What the exercise asks: Your response should consist of the entire listing, transcribed exactly, with every image left out.

Dataset extract:
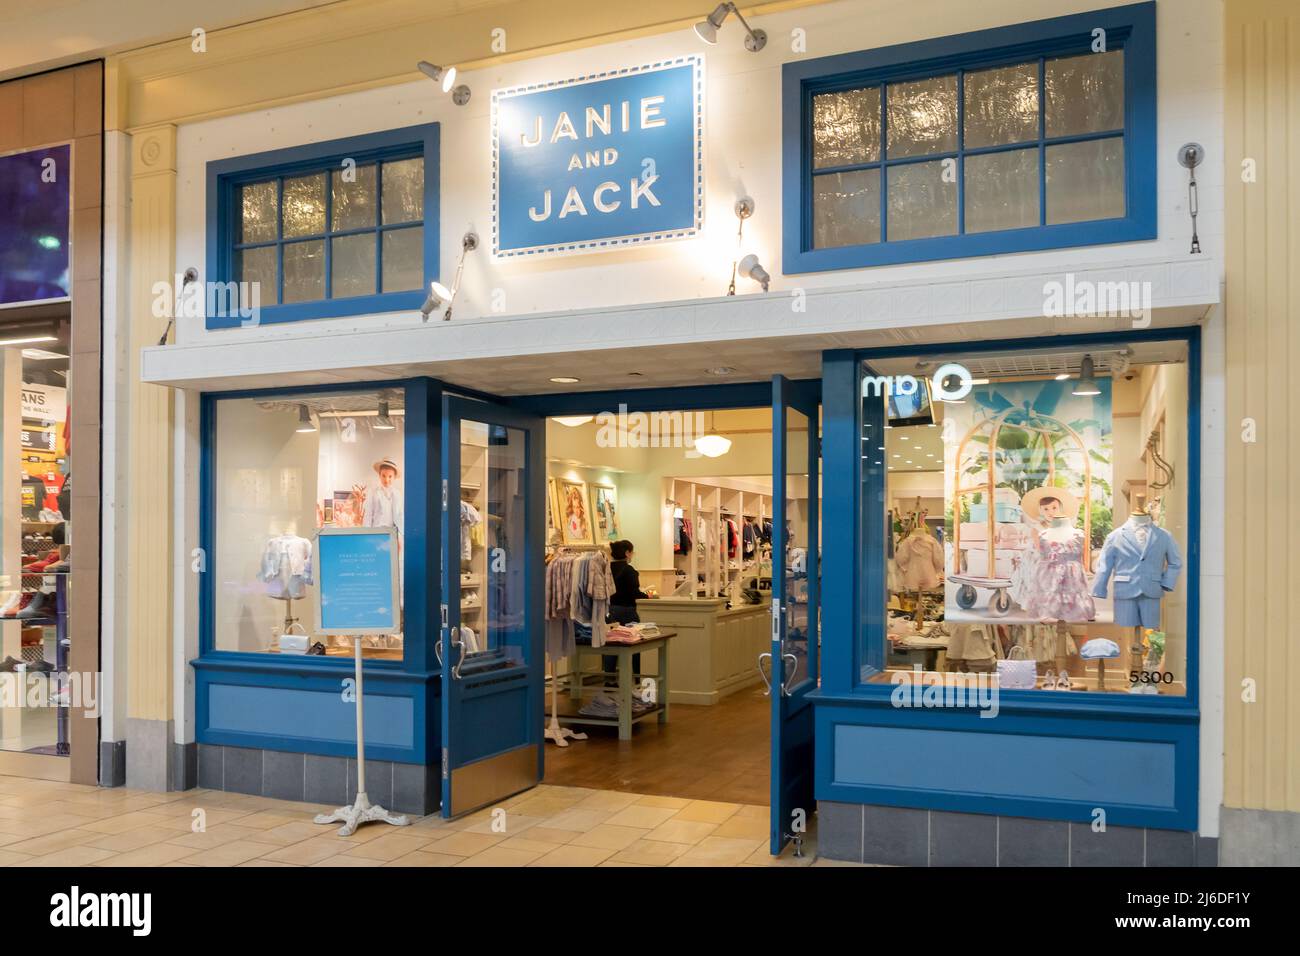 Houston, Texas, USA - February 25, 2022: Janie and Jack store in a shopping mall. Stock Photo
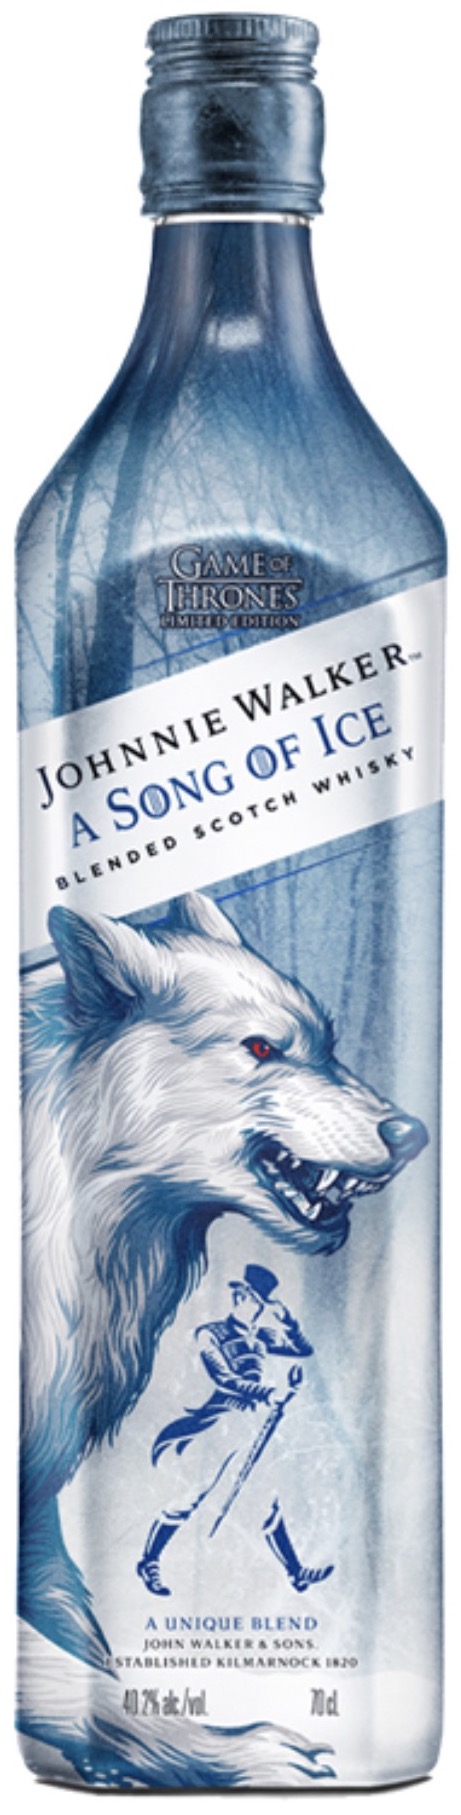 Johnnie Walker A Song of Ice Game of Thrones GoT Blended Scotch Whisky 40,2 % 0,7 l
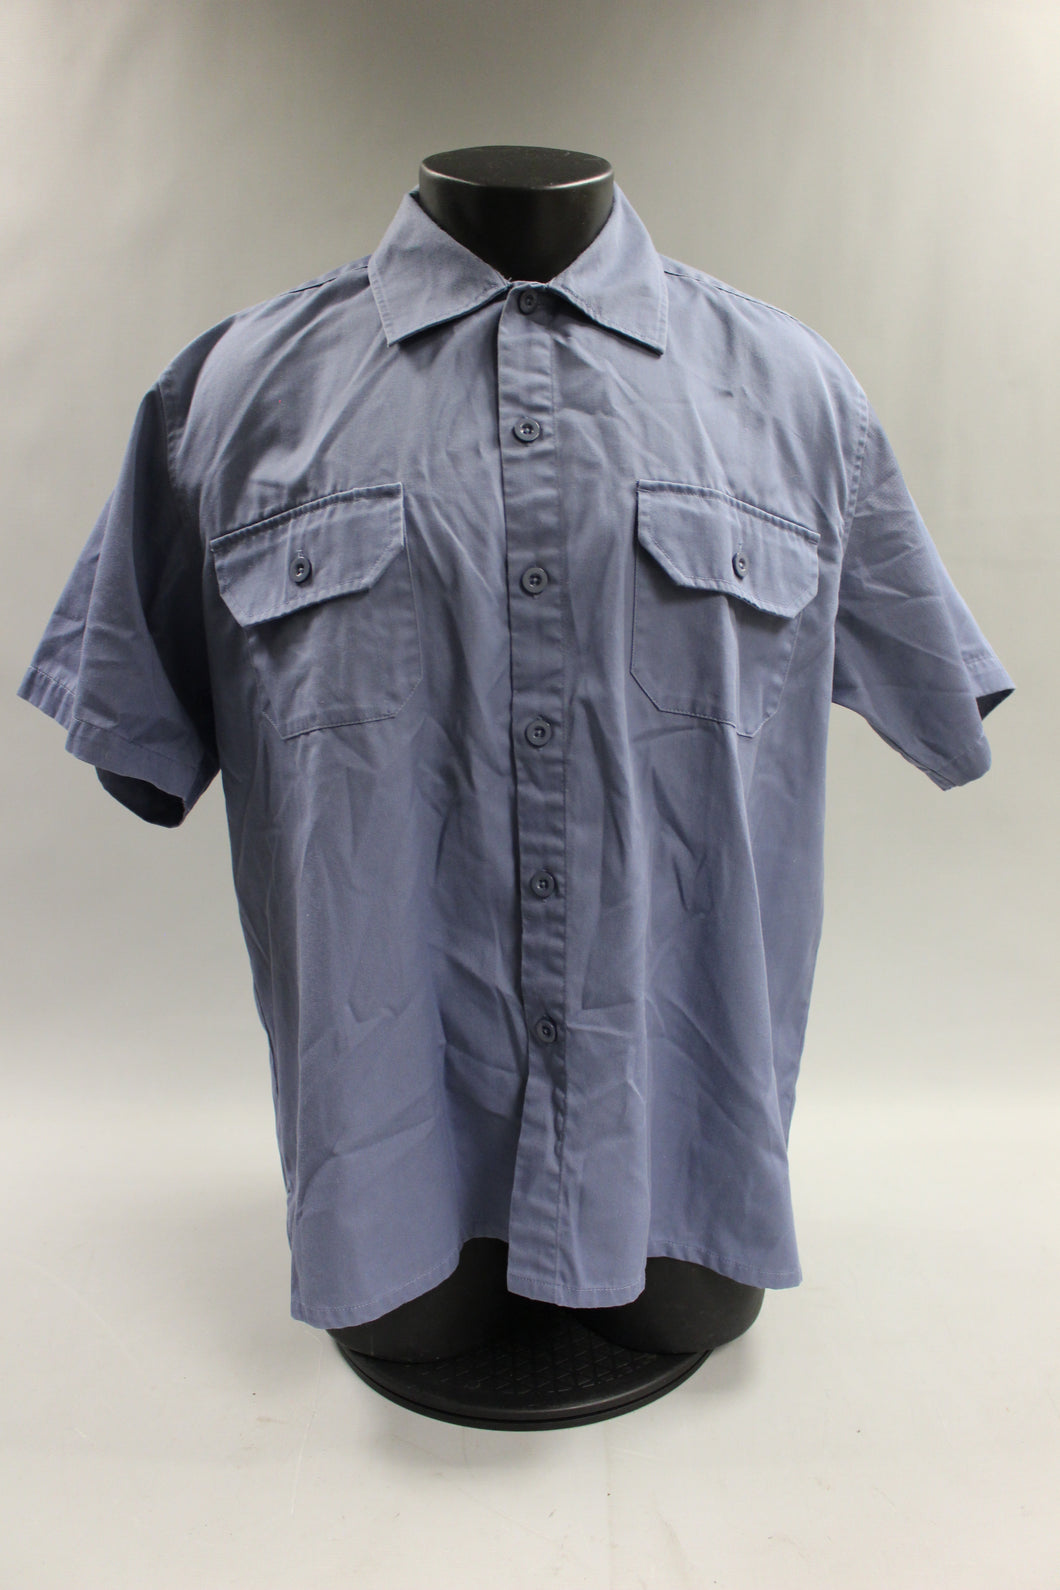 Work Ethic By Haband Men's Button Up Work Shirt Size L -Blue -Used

Response:
 Houston, Texas, USA - February 25, 2022: Janie and Jack store in a shopping mall. Stock Photo
 Johnnie Walker A Song of Ice Game of Thrones GoT Blended Scotch Whisky 40,2 % 0,7 l
 Work Ethic By Haband Men's Button Up Work Shirt Size L -Blue -Used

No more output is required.